Historical View of the Languages and Literature of the Slavic eBook

This eBook from the Gutenberg Project consists of approximately 454 pages of information about Historical View of the Languages and Literature of the Slavic.

We here subjoin some specimens of them.  The first is extant in a great many versions, differing somewhat from each other.  We choose the one we like best, as given by Sacharof:[24]

A PARTING SCENE.

  “Sit not up, my love, late at evening hour,
  Burn the light no more, light of virgin wax,
  Wait no more for me till the midnight hour;
  Ah, gone by, gone by is the happy time! 
  Ah, the wind has blown all our joys away,
  And has scattered them o’er the empty field. 
  For my father dear, he will have it so,
  And my mother dear has commanded it,
  That I now must wed with another wife,
  With another wife, with an unloved one! 
  But on heaven high two suns never burn,
  Two moons never shine in the stilly night;
  And an honest lad never loveth twice! 
  But my father shall be obey’d by me,
  And my mother dear I will now obey;
  To another wife I’ll be wedded soon,
  To another wife, to an early death,
  To an early death, to a forced one.”

      Wept the lovely maid many bitter tears,
  Many bitter tears, and did speak these words: 
  “O beloved one, never seen enough,
  Longer will I not live in this white world,
  Never without thee, thou my star of hope! 
  Never has the dove more than one fond mate,
  And the female swan ne’er two husbands has,
  Neither can I have two beloved friends.”
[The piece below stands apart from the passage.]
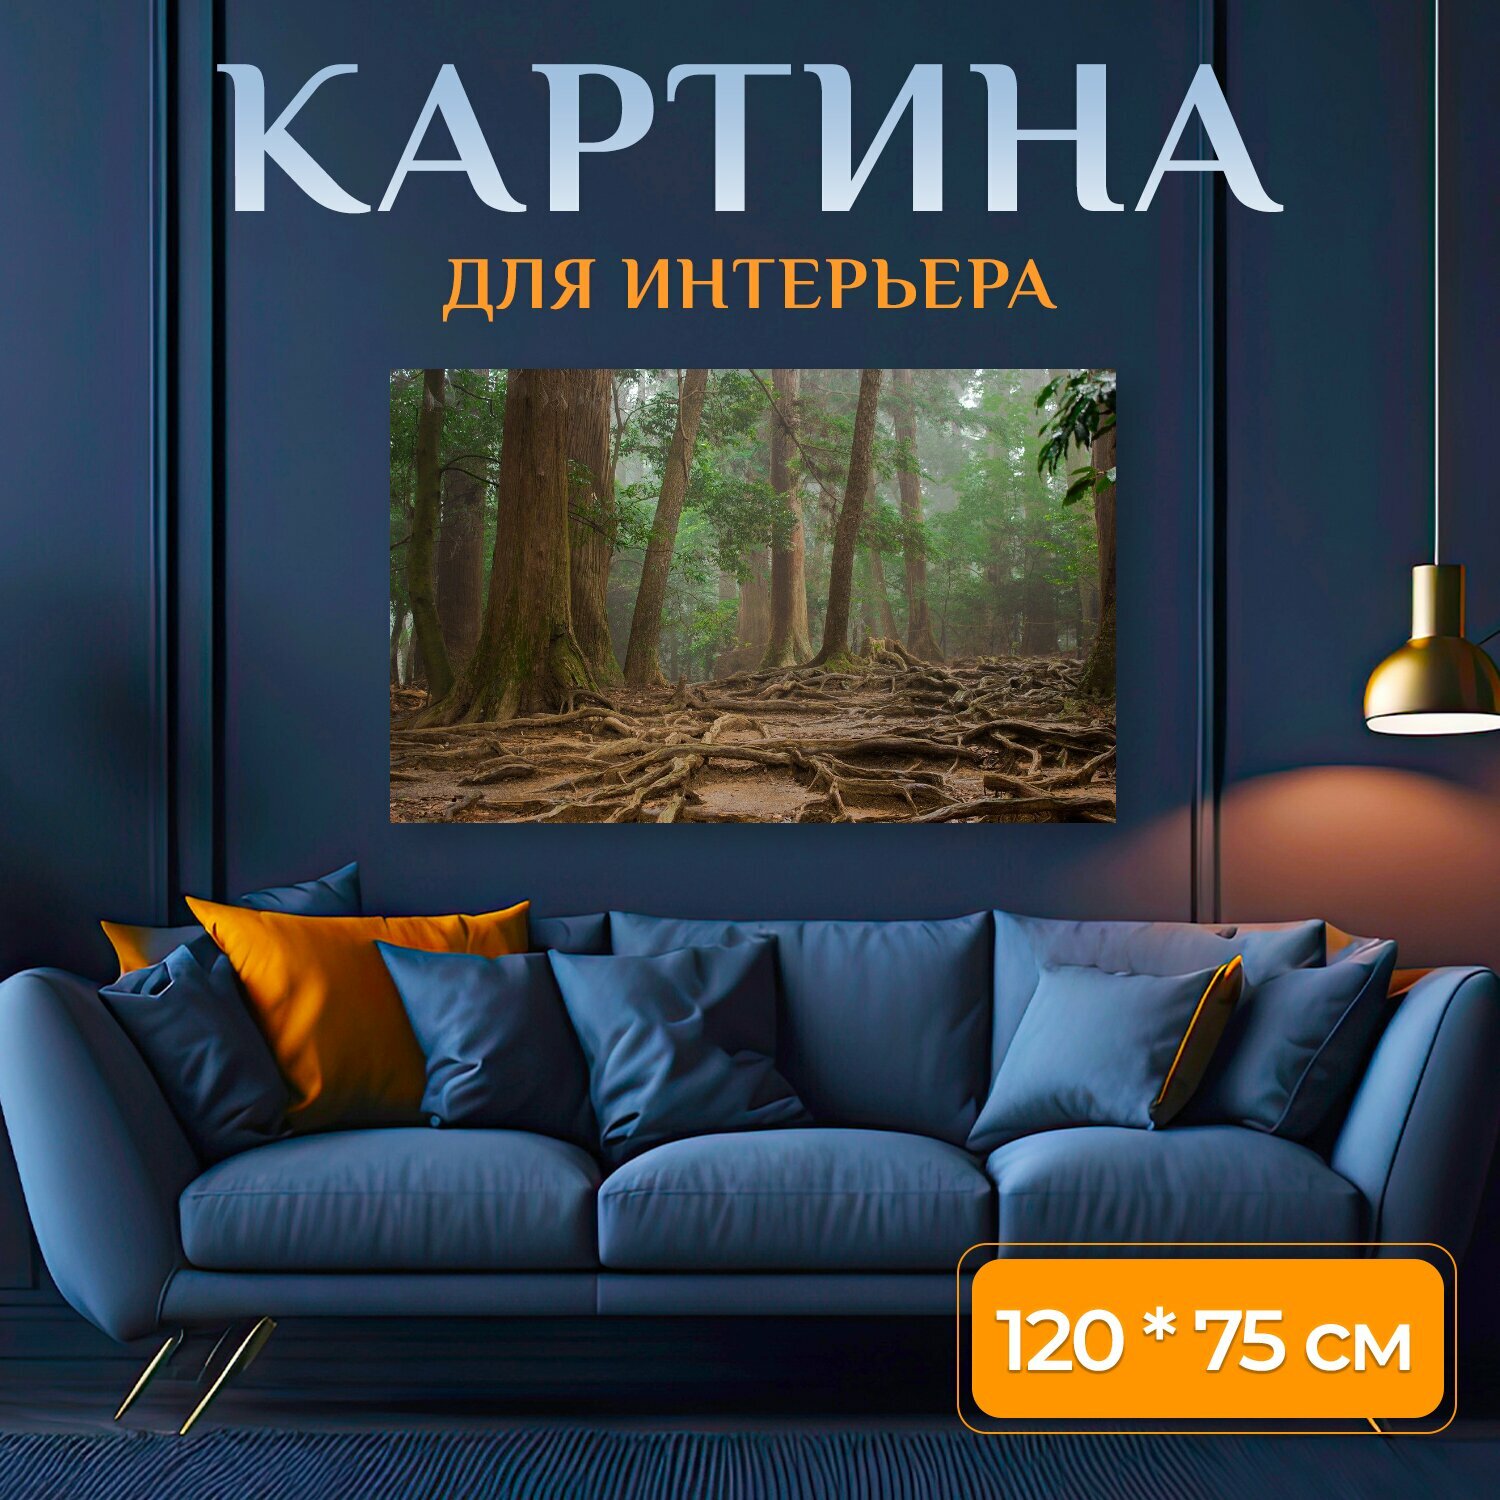 Картина на холсте "Деревья, имущество, лес" на подрамнике 120х75 см. для интерьера
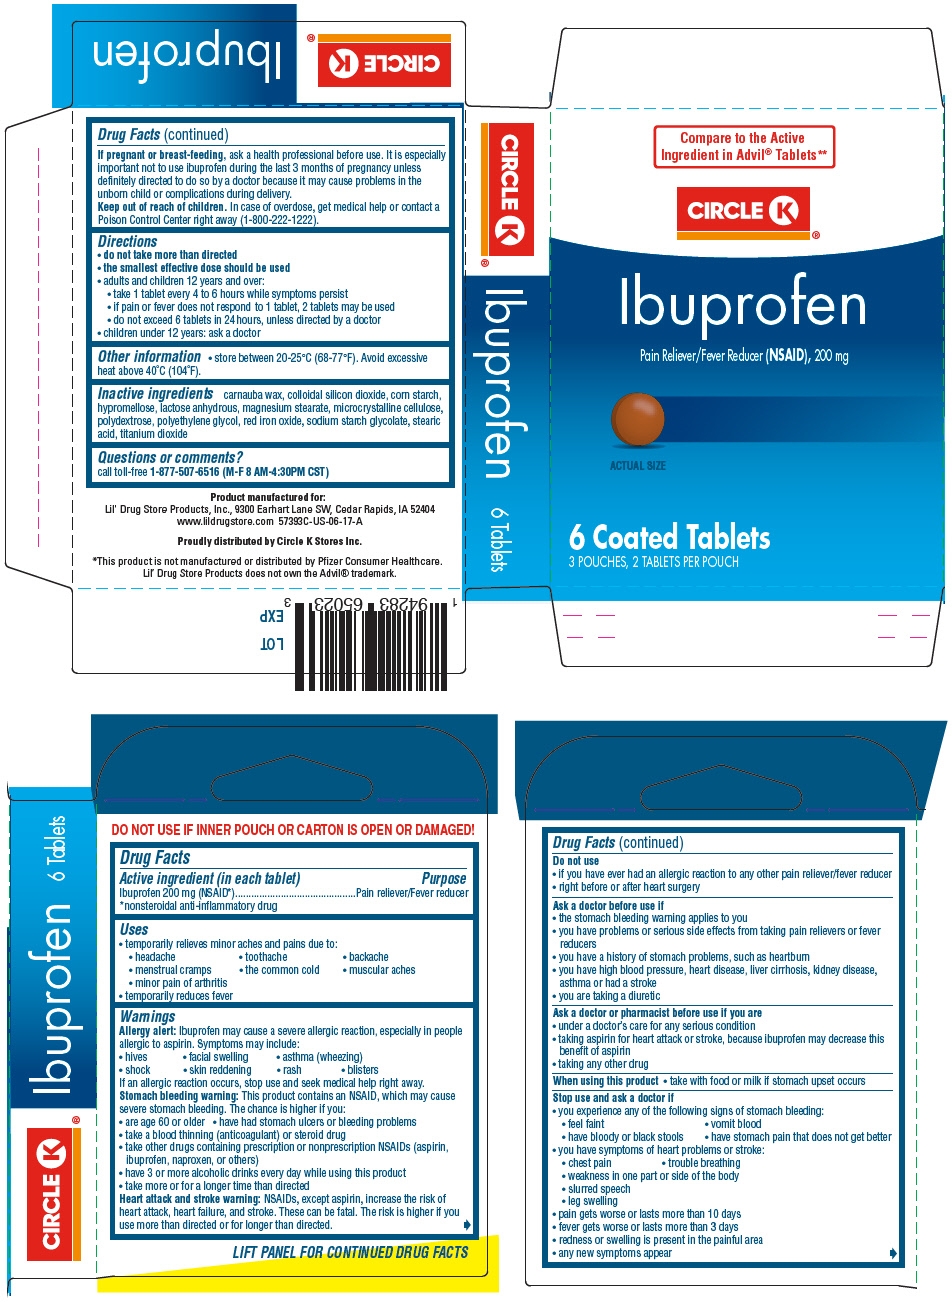 PRINCIPAL DISPLAY PANEL - 200 mg Tablet Pouch Carton

      No more sits she now late at evening hour,
  But the light still burns, light of virgin wax;
  On the table stands the coffin newly made;
  In the coffin new lies the lovely maid.

THE DOVE.

  On an oak tree sat,
  Sat a pair of doves;
  And they bill’d and coo’d
  And they, heart to heart,
  Tenderly embraced
  With their little wings;
  On them, suddenly,
  Darted down a hawk.

  One he seized and tore,
  Tore the little dove,
  With his feather’d feet,
  Soft blue little dove;
  And he poured his blood
  Streaming down the tree. 
  Feathers too were strew’d
  Widely o’er the field;
  High away the down
  Floated in the air.

  Ah! how wept and wept;
  Ah! how sobb’d and sobb’d
  The poor doveling then
  For her little dove.

    “Weep not, weep not so,
  Tender little bird!”
  Spake the light young hawk
  To the little dove. 
    “O’er the sea away. 
  O’er the far blue sea,
  I will drive to thee
  Flocks of other doves. 
  From them choose thee then. 
  Choose a soft and blue,
  With his feathered feet,
  Better little dove.”

    “Fly, thou villain, not,
  O’er the far blue sea
  Drive not here to me
  Flocks of other doves. 
  Ah! of all thy doves
  None can comfort me;
  Only he, the father
  Of my little ones.”

  P.

The following little elegy we translate from a Russian Annual; the editor of which, Baron Delvig, took it down from the lips of a peasant girl.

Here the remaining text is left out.